> What you should do
Without the pictures, write the listing out again exactly as it appears.

> Given material
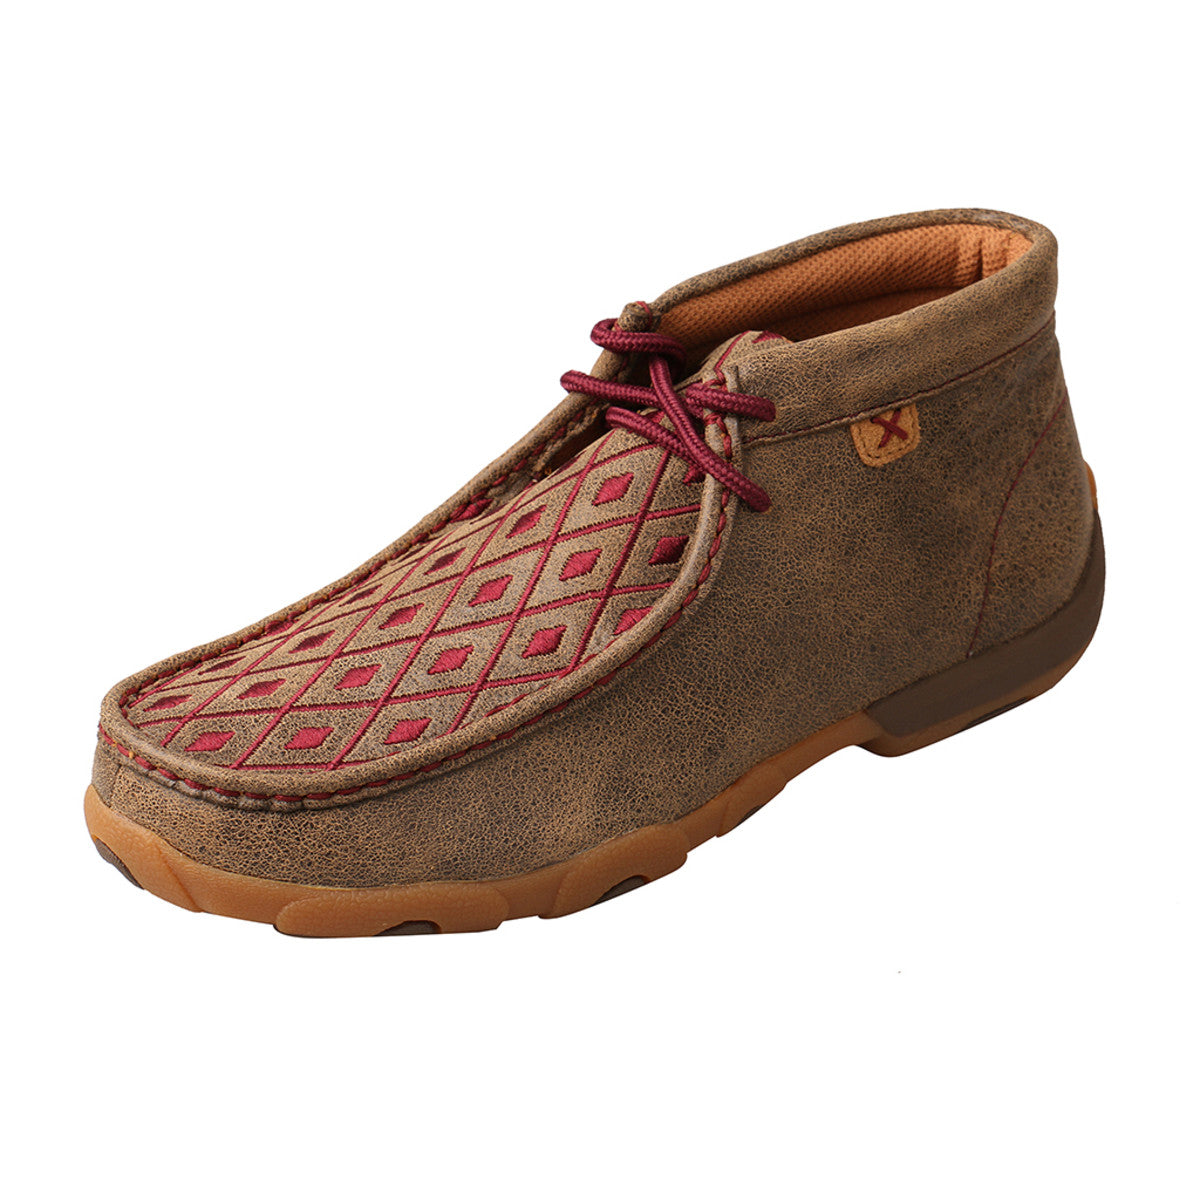 Women's Twisted X Chukka Driving Moccasins Shoe in Bomber & Mahogany from the side view
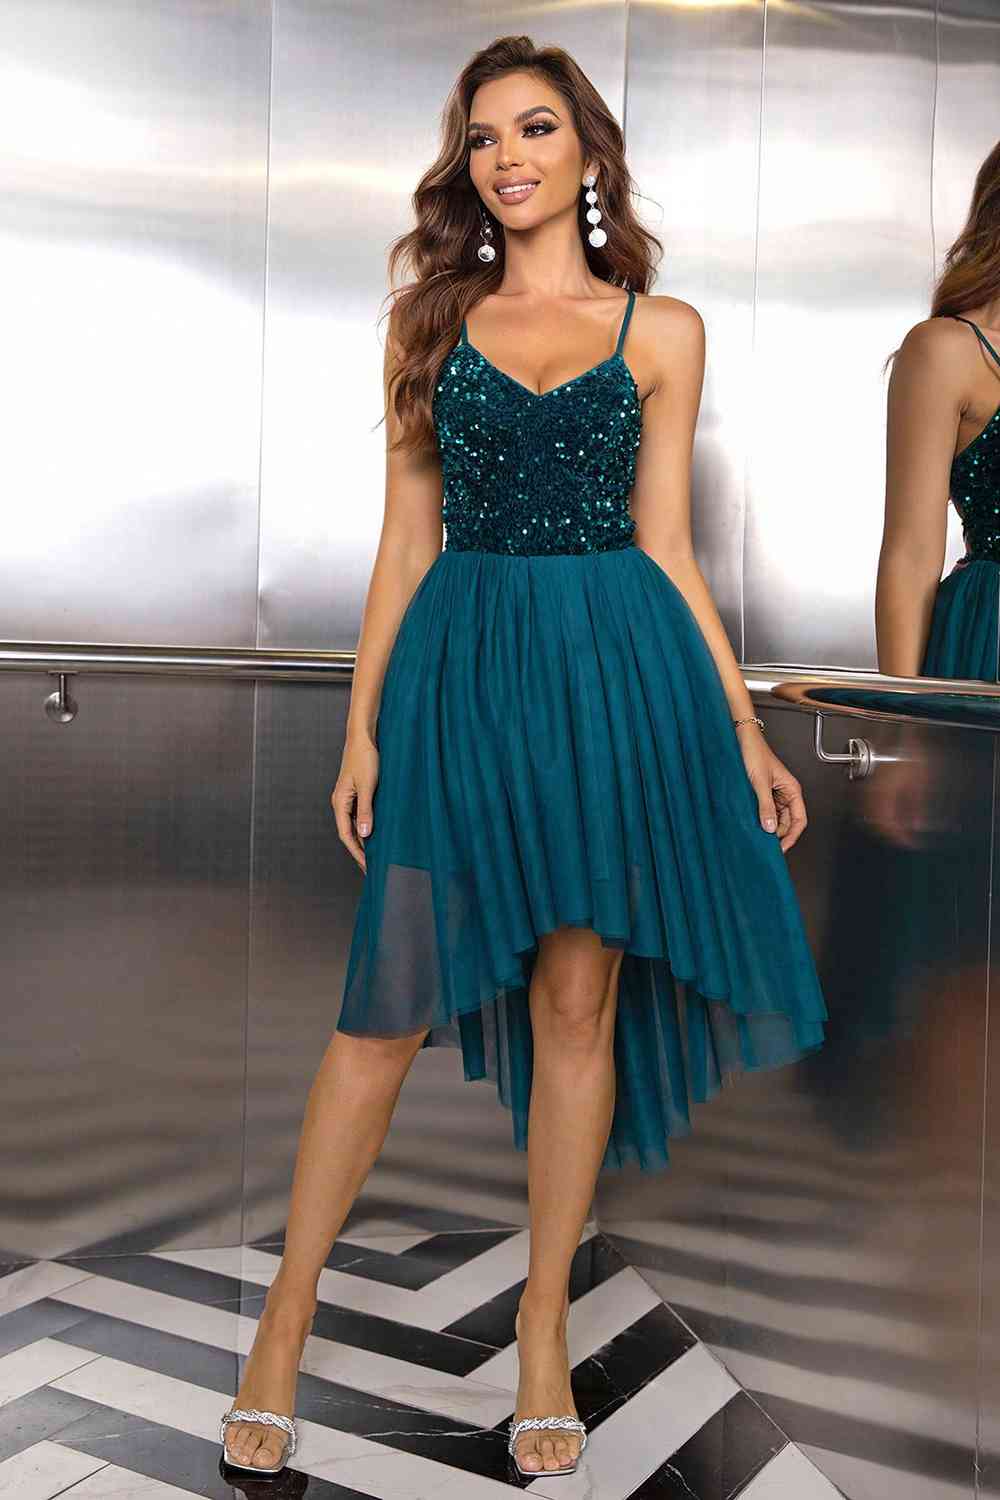 Sequin Spaghetti Strap High-Low Dress in 3 Color Choices in Size XS, S, M, or L
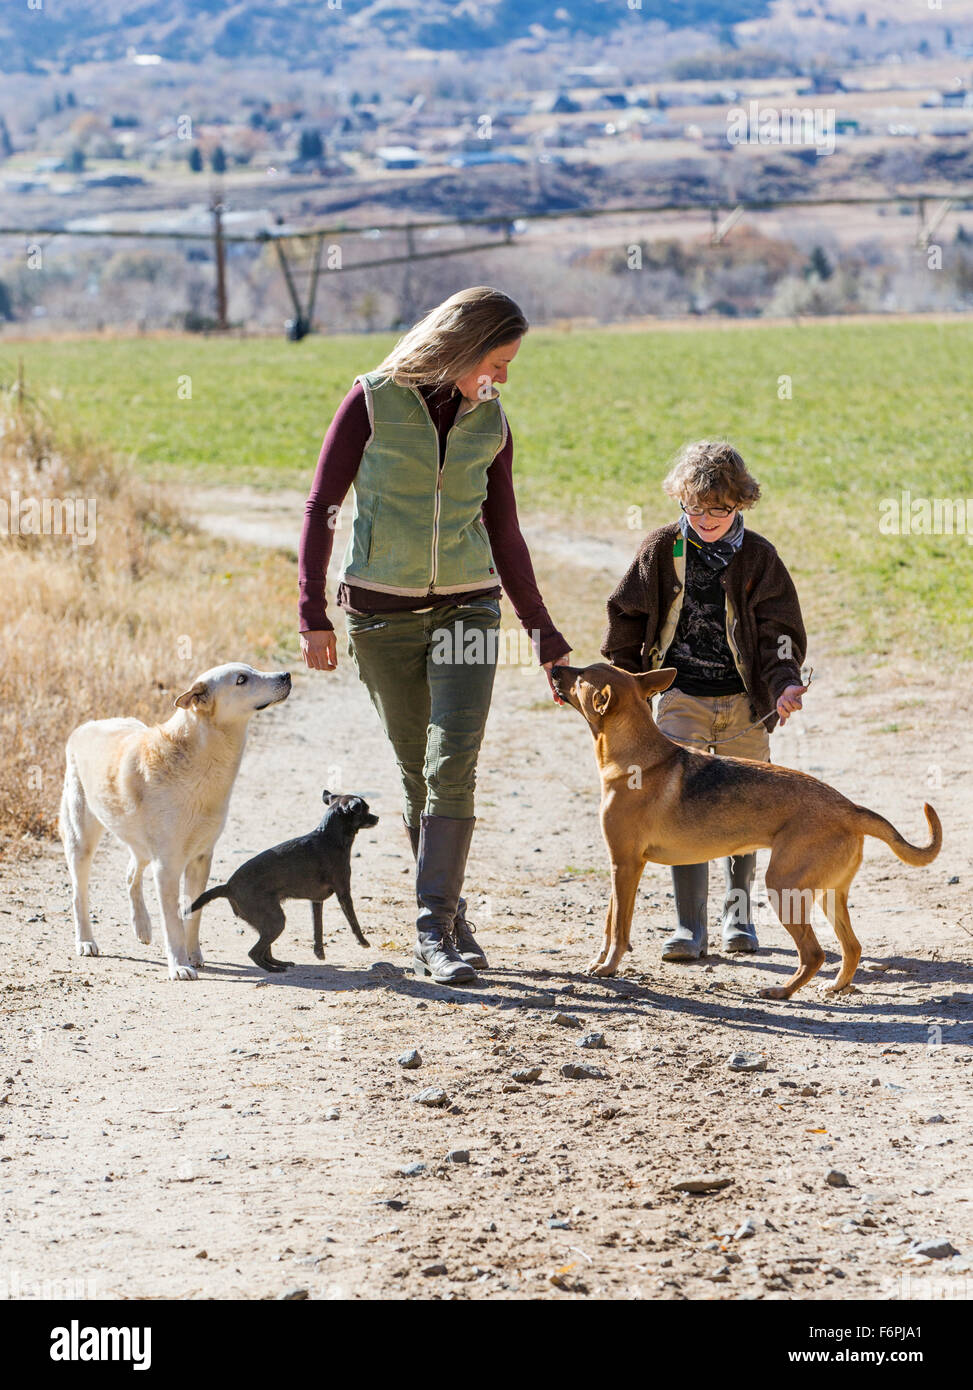 Attractive mother; young son and pet dogs walking along dirt path on ranch Stock Photo
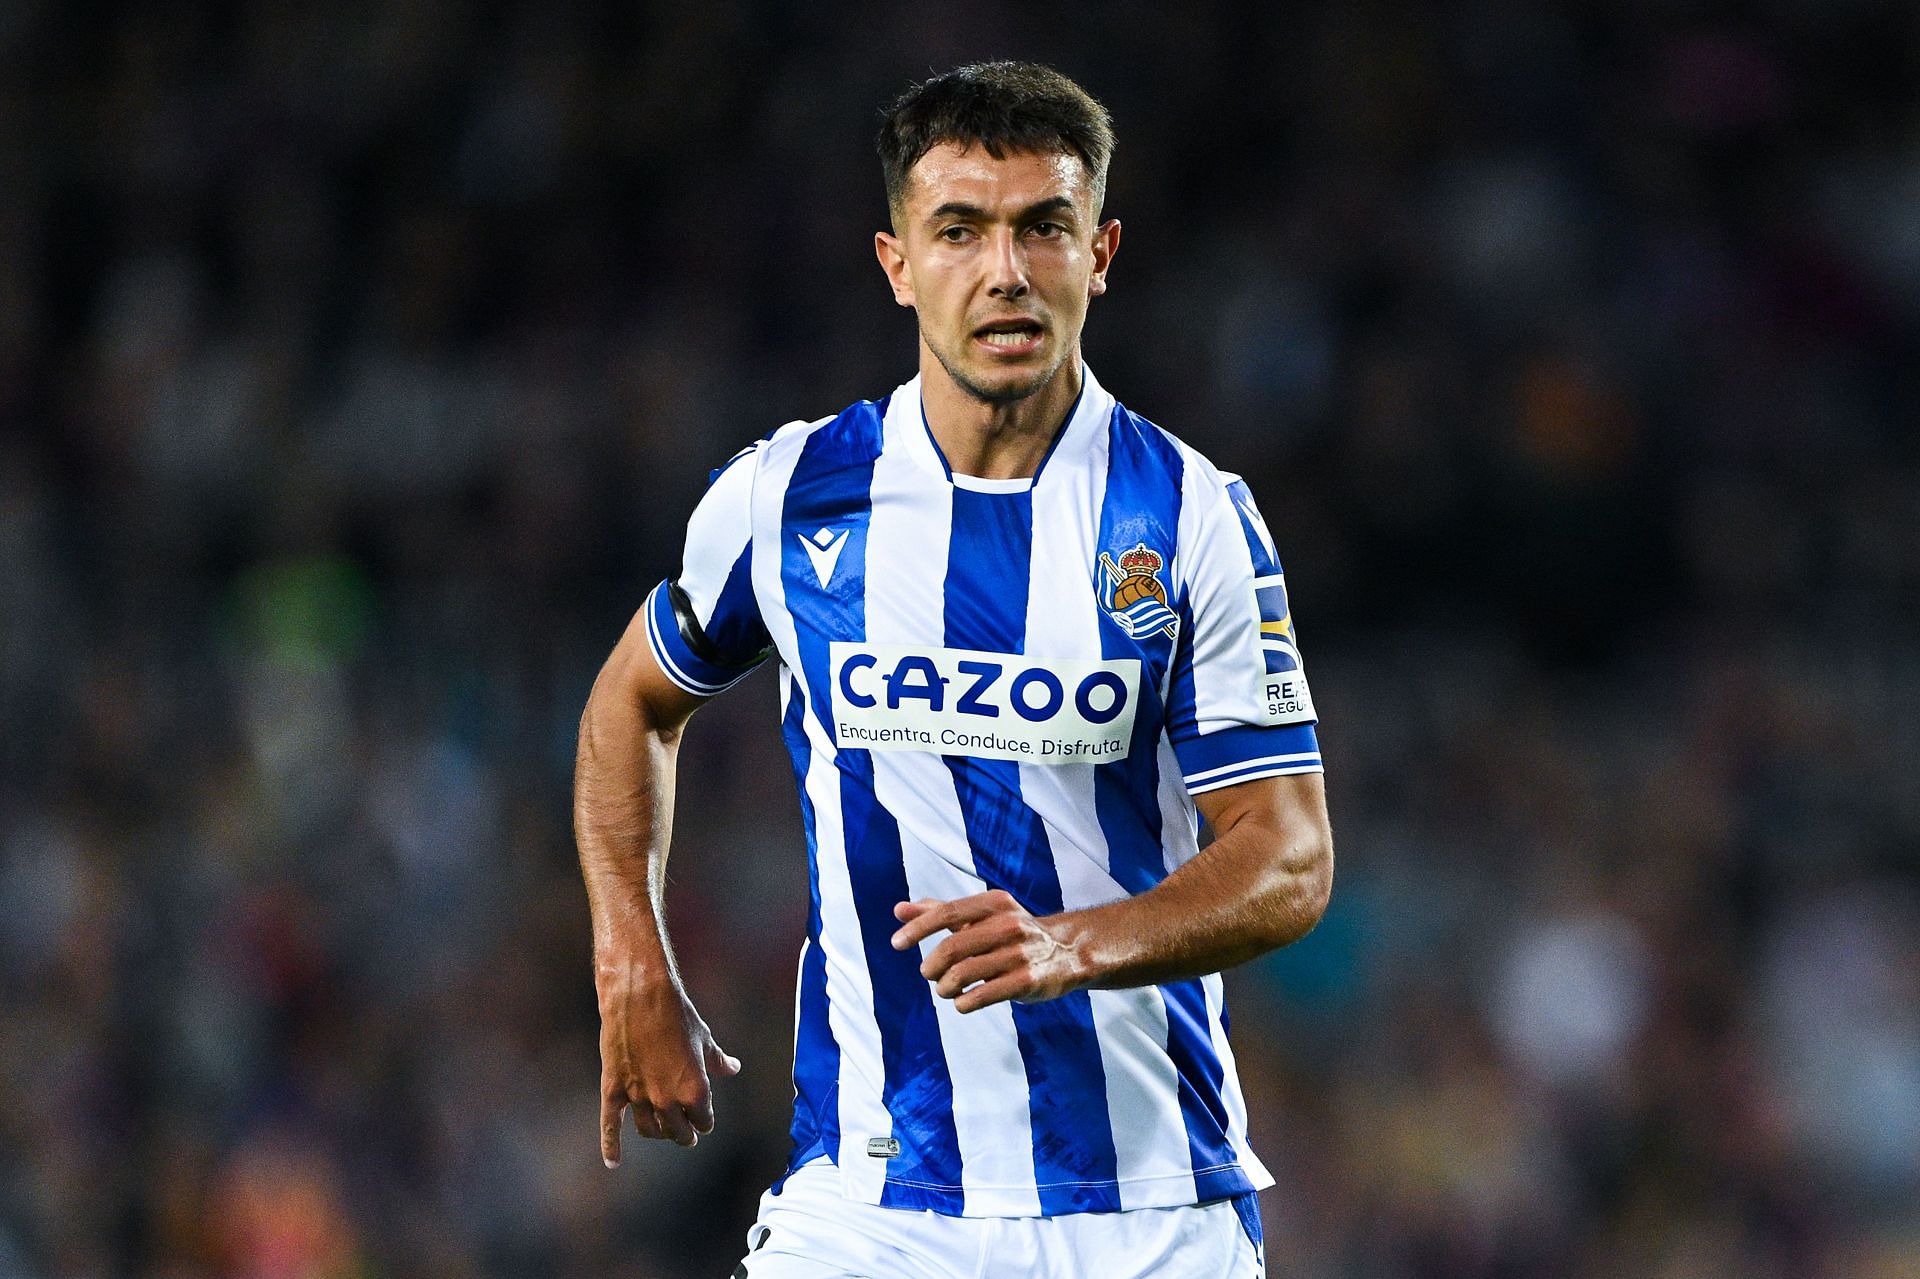 Martin Zubimendi appeared to play down transfer speculation.

> Response to this task
 Women's Twisted X Chukka Driving Moccasins Shoe in Bomber & Mahogany from the side view
 Sequin Spaghetti Strap High-Low Dress in 3 Color Choices in Size XS, S, M, or L
 Attractive mother; young son and pet dogs walking along dirt path on ranch Stock Photo
 Martin Zubimendi appeared to play down transfer speculation.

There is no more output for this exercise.